I also like to remain leaner so I can practice my posing year-round. Posing has become a lost art. You don’t see many posing routines in either Bodybuilding or Classic that you will remember later.

A final reason I prefer staying lean is that I have obligations to my sponsors, and I need to be in shape for appearances and photo shoots with very little advance notice. Sometimes I am asked to fly out and do a shoot with only a few days’ notice! Getting out of shape and losing my lines isn’t something I’m interested in. But your situation might be very different, so it could be in your best interest to “bulk” and allow yourself to put on some body fat when trying to gain.

Classic Weight Limits

Q: We saw the weight limits for Classic increase twice in the first two years of the division, each time adding 5 pounds for the pros. Since then, the weights per height have remained the same. Do you think they will ever bump them again? Do you think they should?

A: I’m not sure if they will ever bump the weight limits up again, but in my opinion the weight parameters are good where they are. My concern is keeping everyone accountable and maintaining the integrity of the rules for everyone. All the Classic athletes need to be correctly heighted with no one allowed to slide and compete heavier than they are allowed to, whether it’s a big name or a nobody. Just be consistent and don’t allow anyone to cheat.

Push/Pull/Legs Split

Q: What do you think of the Push/Pull/Legs training split that’s regained some popularity in recent years? Some people love the fact that there’s no overlap, while others say it’s too many muscle groups to train in one workout and still give them all equal time and energy. What do you think?

A: I don’t think it’s ideal to do so many muscle groups in one session. I’ve never tried it because I’m like, when do you train arms? I prefer training arms on their own instead of after a ton of other exercises and I have been using the “bro” split the whole 18 years I’ve been training. It works well for me, and I enjoy it. At the end of the day, you need to enjoy the way you train.
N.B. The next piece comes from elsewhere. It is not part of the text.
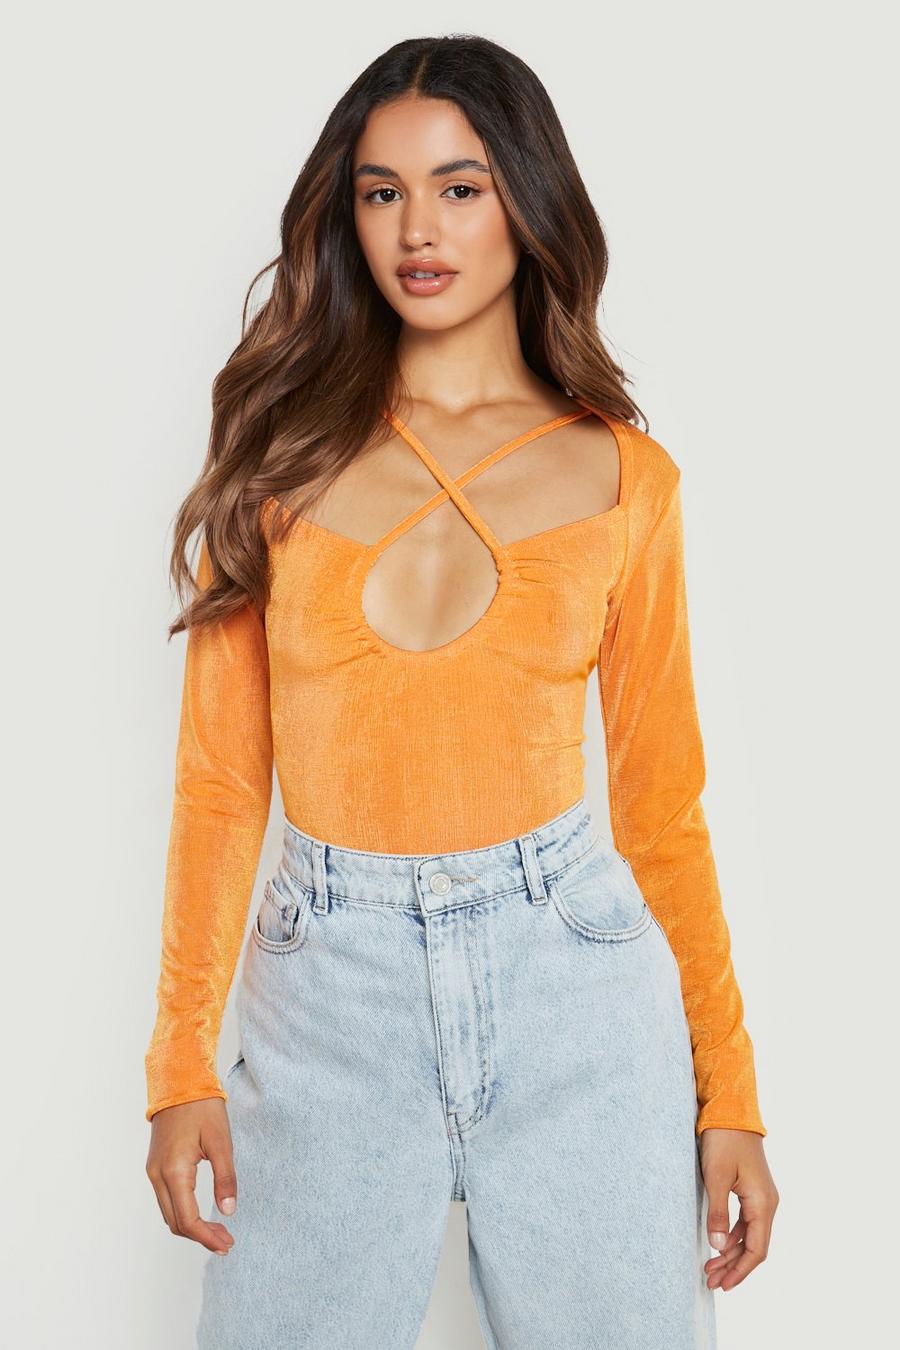 Tangerine Body med cut-out

I’m definitely not trying to discourage anyone from trying Push/Pull/Legs or suggesting that it’s wrong. I think as long as you’re in the gym, squeezing and stretching the muscle, you’re doing better than most of the couch potatoes out there who don’t work out.
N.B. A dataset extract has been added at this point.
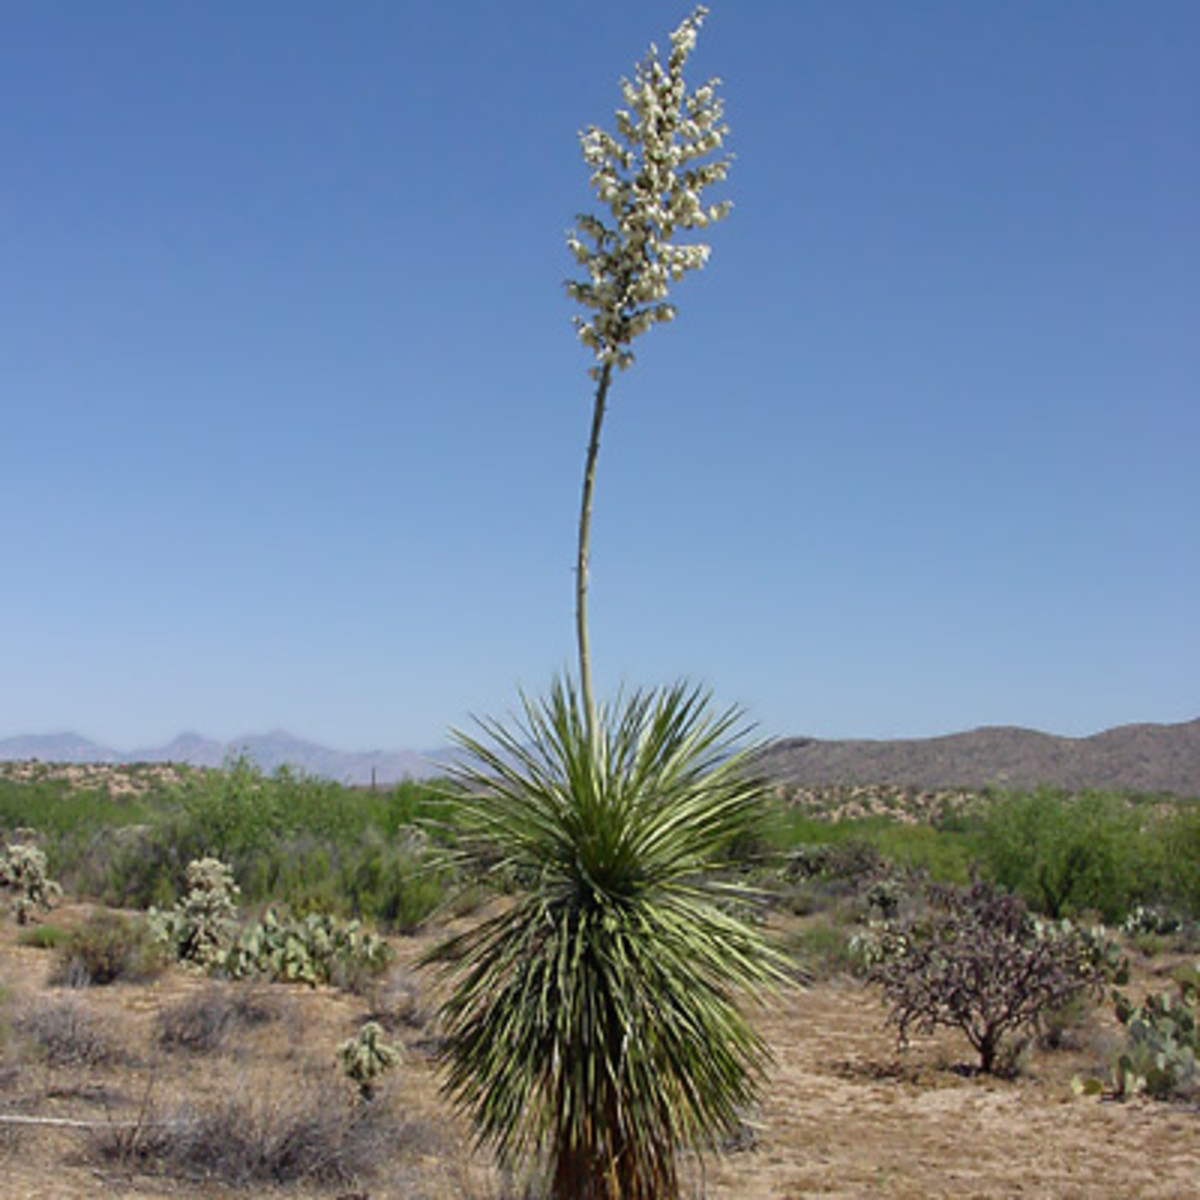 Saponin extract in Yucca can reduce swelling and pain associated with osteoarthritis

One final thought on P/P/L. I would think it might be a bad idea for someone with either lagging shoulders or triceps to train them after chest, and the same goes for hitting biceps after a full back workout. I seriously doubt you could give them the energy and attention they need at that point to catch up.

Training Intensity Builds Size

Q: When trying to gain raw size for someone who is still in need of it, do you recommend mostly heavy straight sets, or should I also be doing intensity boosters like drop sets, supersets, forced reps, and so on?

A: I think people get confused. Intensity doesn’t necessarily mean using techniques like drop sets and forced reps. To me, intensity is more about how well you squeeze the target muscle, slowing the movement down and forcing the muscle to work harder instead of just moving a weight from point A to point B. I try to make every set as hard as I can. I will often take a weight that I could get 15-20 reps with and squeeze hard and control the negative, so I barely get 12. That’s intensity. That builds not just mass, but muscle maturity, separations, graininess, and striations. The weight needs to be heavy enough to stress the muscle, but not so heavy that you can’t feel the muscle contracting fully.

Connection with the muscle is the most important thing to me. Far too many people now are focused only on lifting heavy for their Instagram or TikTok posts, chasing clout, likes, and followers. Me, I don’t give a shit about that. I will post a clip of me curling 25-pound dumbbells, but my arms are almost 22 inches. I can easily curl 50 or 60-pound dumbbells, but the form would be sloppy, and my biceps would only be doing part of the work. That’s not how I train or how I want to train. If more people stopped worrying about looking cool or doing some fancy new superset, there would be a lot more great old-school type physique out there.